Mandatory Retirement of Partners in Law Firms

One of the interesting developments during the summer slowdown we failed to note here on Slaw was the BC Court of Appeal decision in John McCormick’s case against Fasken Martineau. McCormick is an equity partner in Fasken’s Vancouver office who resisted the mandatory retirement at age 65 required by the partnership agreement, arguing that it contravened the BC Human Rights Code’s prohibition on age discrimination with respect to employees. The critical hinge to his action is whether an equity partner in a law firm should be regarded as an “employee” for the purposes of the Code, thus giving the Human Rights Tribunal jurisdiction over his complaint. From the Court of Appeal judgment in Fasken Martineau DuMoulin LLP v. British Columbia (Human Rights Tribunal) 2012 BCCA 313:

[2] The British Columbia Human Rights Tribunal and a Supreme Court chambers judge on judicial review decided that for the purposes of human rights legislation, a partnership may be treated as a separate legal entity from its partners and as the employer of a partner, with the result that the Tribunal has jurisdiction to hear a complaint by a partner of discrimination in his employment.

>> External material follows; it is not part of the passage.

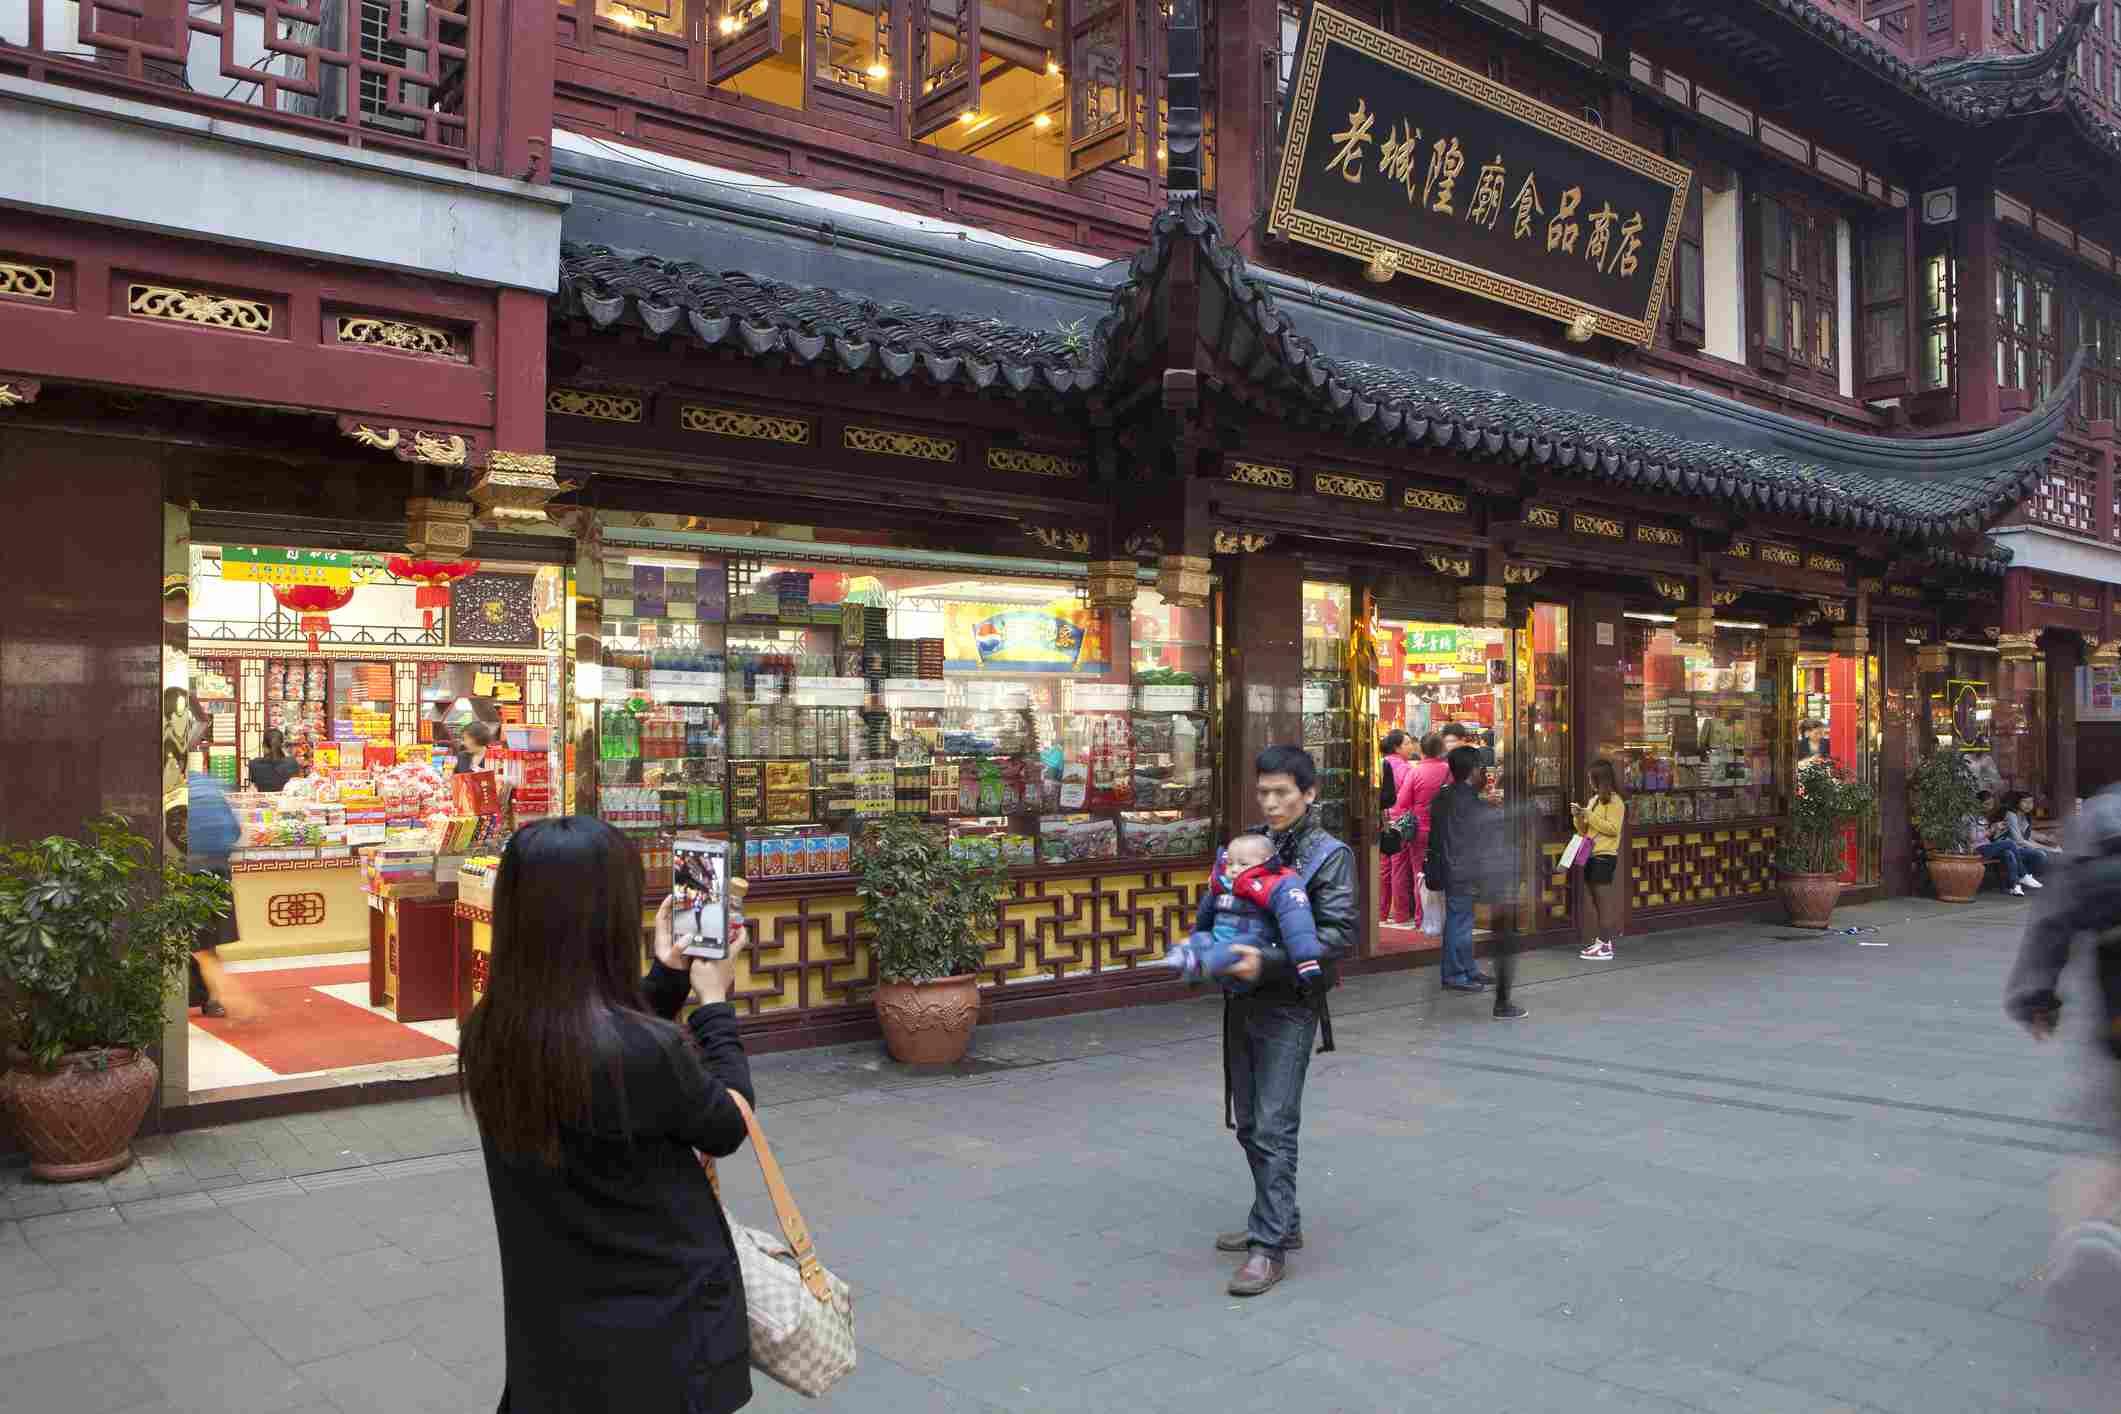 Yuyuan Garden and Bazaar

The partnership appealed, claiming the Tribunal does not have jurisdiction to hear the complaint, because in law a partnership is not a separate entity from its partners, and cannot in law employ a partner.

The court overturned the lower decisions, deciding that the traditional view of a partnership should prevail, with the result that “a partner cannot be an employee of the partnership of which he or she is a member, because he or she cannot employ him or herself” and that this view was not to be “over-ridden by a broad, liberal and purposive interpretation of the Code.”

I’m unaware of whether leave will be sought to appeal this decision in the Supreme Court.

Unsurprisingly, mandatory retirement of partners has become a matter of interest in the profession recently. Canadian Lawyer Magazine’s March cover story dealt with this, examining the options available to both firms and partners. Most obviously, firms need to be able to retain the services (and the influence over clients) of talented senior lawyers despite the arbitrary running out of some clock and at the same time make room at the top for fresh talent — particularly, I’d say, talent that is embodied by others than white men. For their part, of course, equity partners facing retirement from the controlling group need to figure out how best to manage the significant number of years remaining to them.

Population data make clear that these are issues that will only grow in importance over the next decade or so. First of all, the leading edge of the baby boom (1946 – 1964) has just turned 65 and there’s quite a bulge behind it, as this graphic from Canadian demographer David Foot shows:

(There’s a fascinating animated “population pyramid” on Foot’s website showing how the shape of things has changed since 1871 and will change in the decades to come.)

Next it’s important to note that this tsunami of pre-retirees will live to a considerably ripe old age; 65 is damn near the new middle age. Recent statistics have life expectancy in Canada at age 65 as twenty years, a figure that has been, and will likely continue, rising.

This is a turbulent time in the practice of law for all the reasons that have been rehearsed here and in every professional organ. It’s natural to see “solutions” or at least responses to the many besetting problems facing the profession as coming from youth, that protean group on whom we tend to project our hopes. Mitch Kowalski’s excellent recent post here, Only the New Can Change the Profession is a good example. He says:

The established, older set of partners in charge of many of this country’s firms have no reason to change what they are doing and are simply eyeing the finish line of their careers.

But it would be a mistake, I think, to ignore the potential to be found in that growing number of highly experienced practitioners facing “liberation” from partnership and a score of years to play with. These people have not simply the time but the means as well to experiment with modes of practice, and there are enough of them coming down the pike that some, at least, will do very interesting things.